** Given records follows **
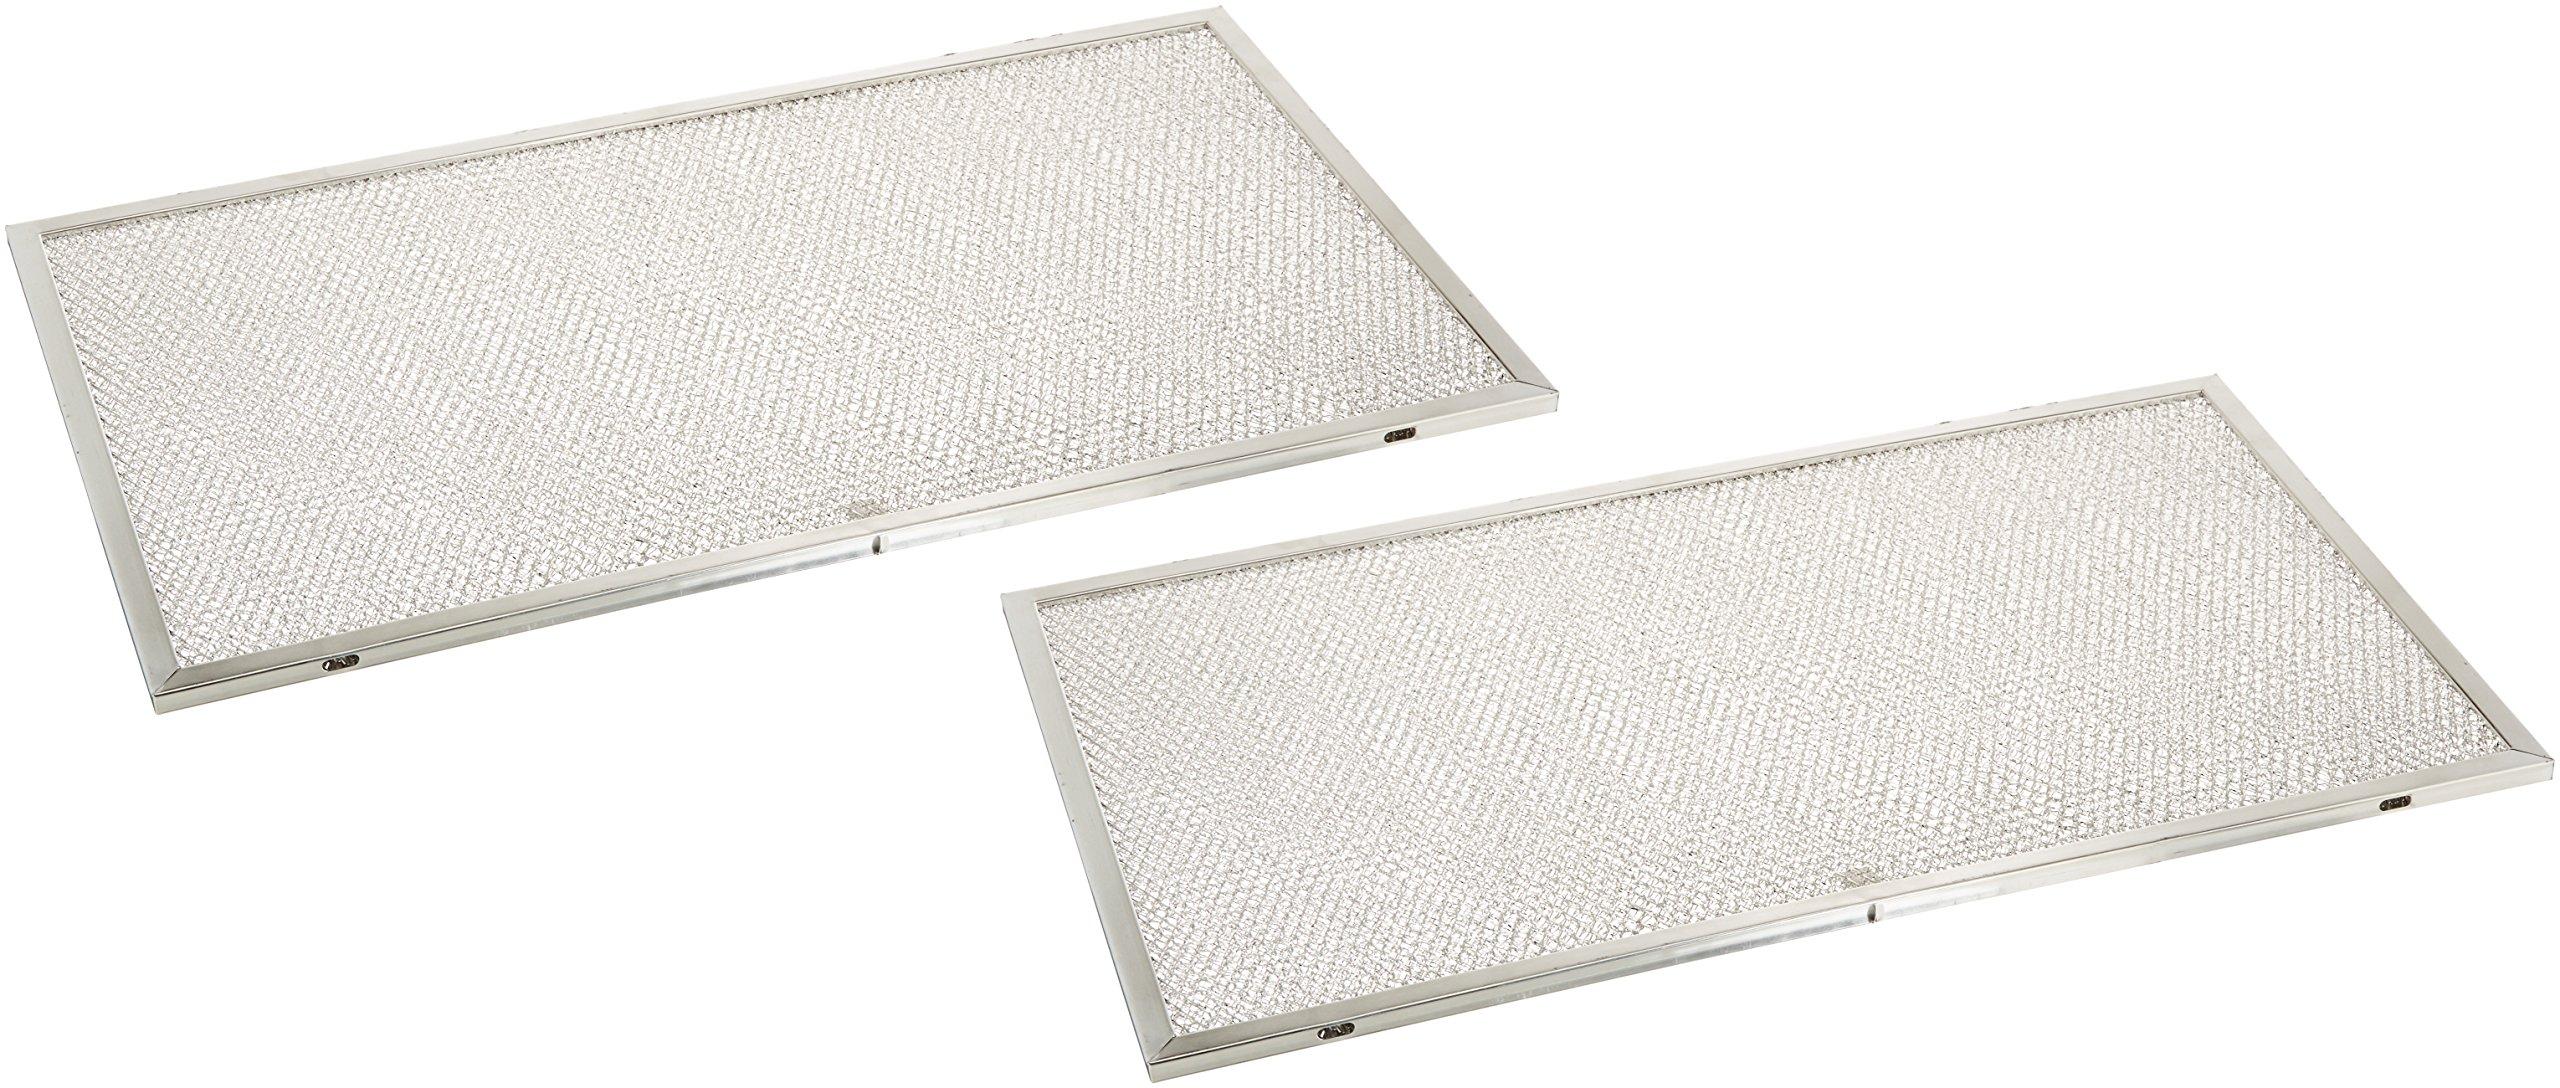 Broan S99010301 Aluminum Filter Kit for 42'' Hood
** End of Given records **
** Given records follows **
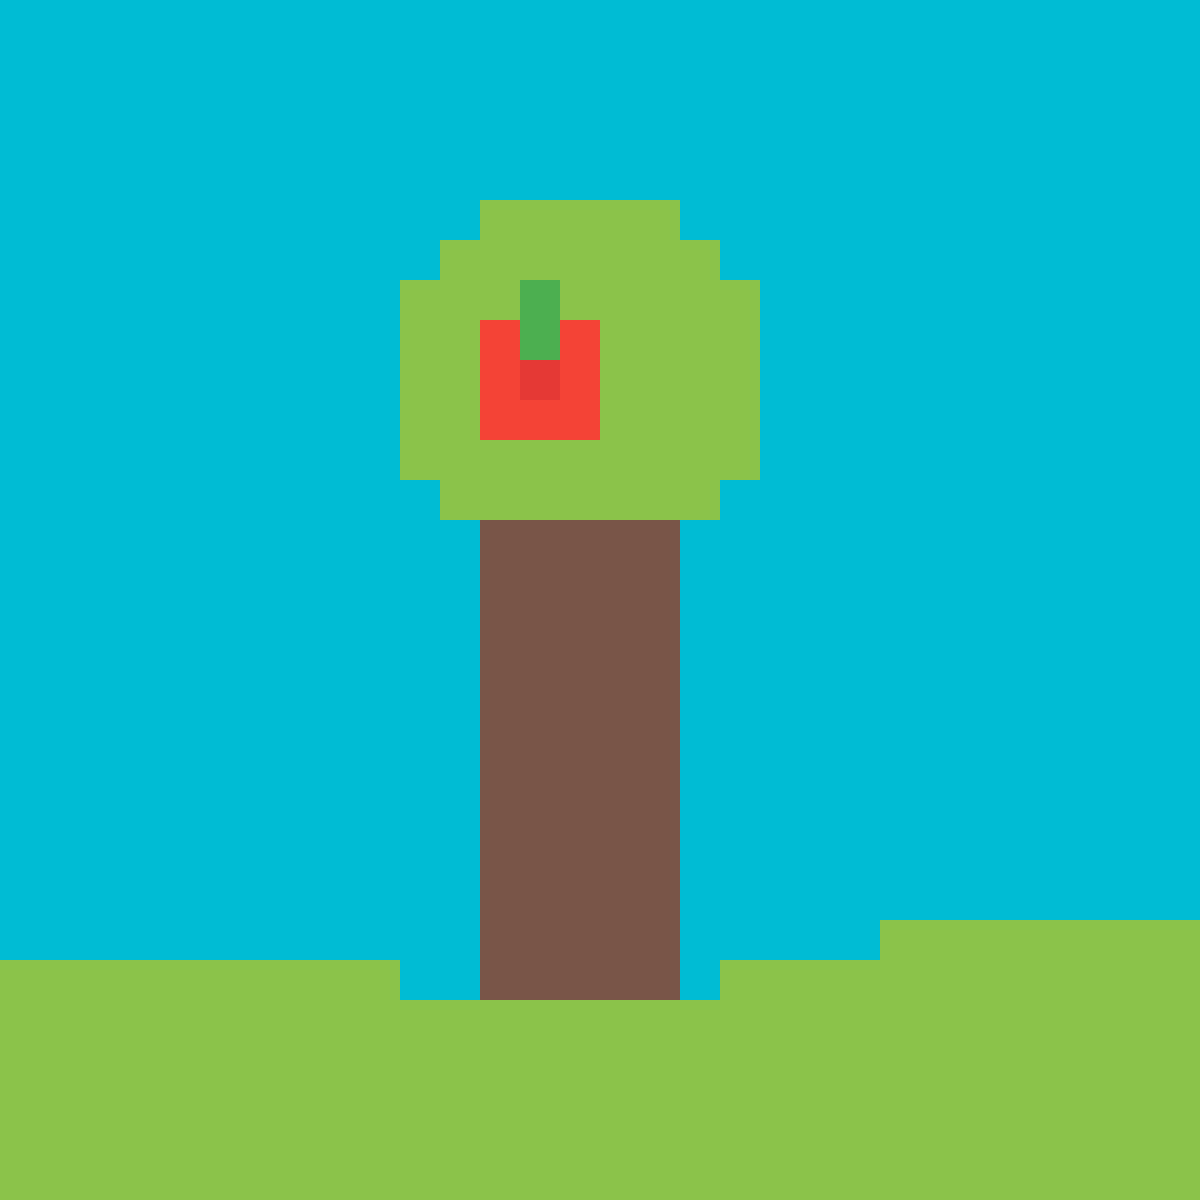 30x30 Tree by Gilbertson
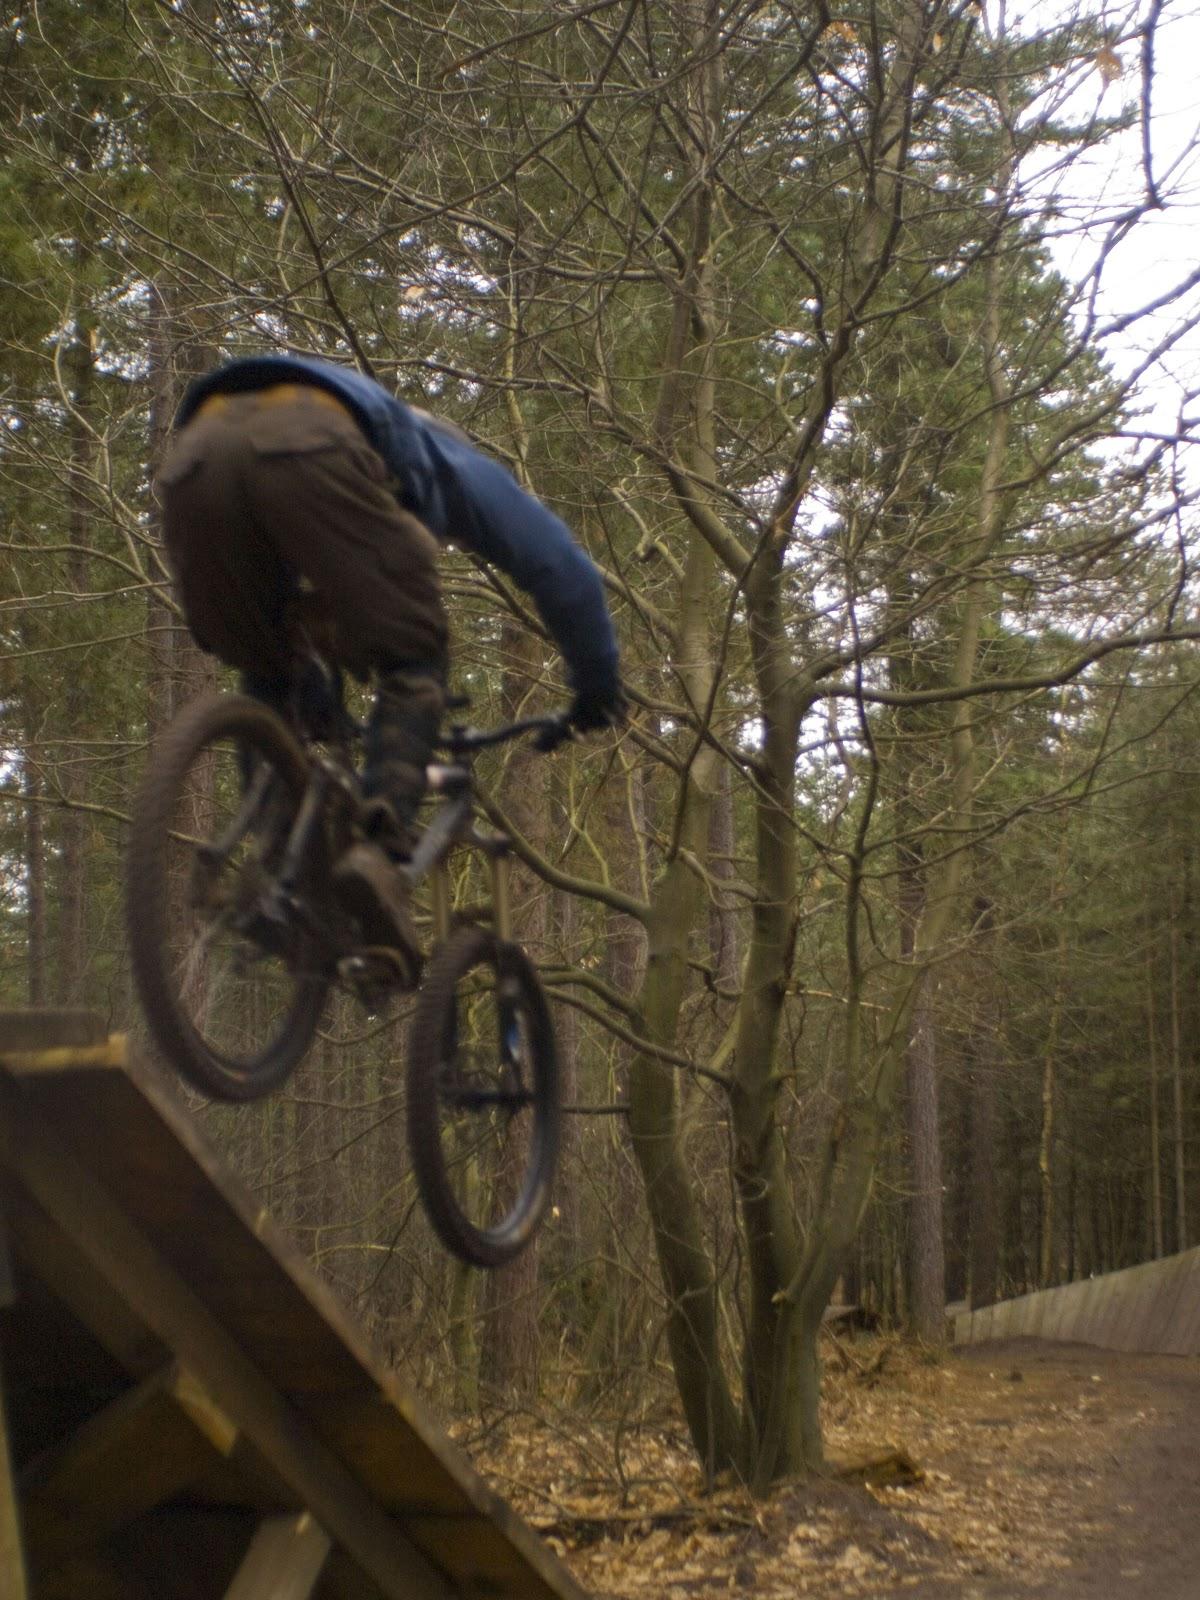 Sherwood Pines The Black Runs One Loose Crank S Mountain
** End of Given records **
What to do: Using the entries above, transcribe exactly from the line that has "30x30 Tree by Gilbertson" through the line that has "Sherwood Pines The". Pictures are dropped.

Response:
 30x30 Tree by Gilbertson
 Sherwood Pines The Black Runs One Loose Crank S Mountain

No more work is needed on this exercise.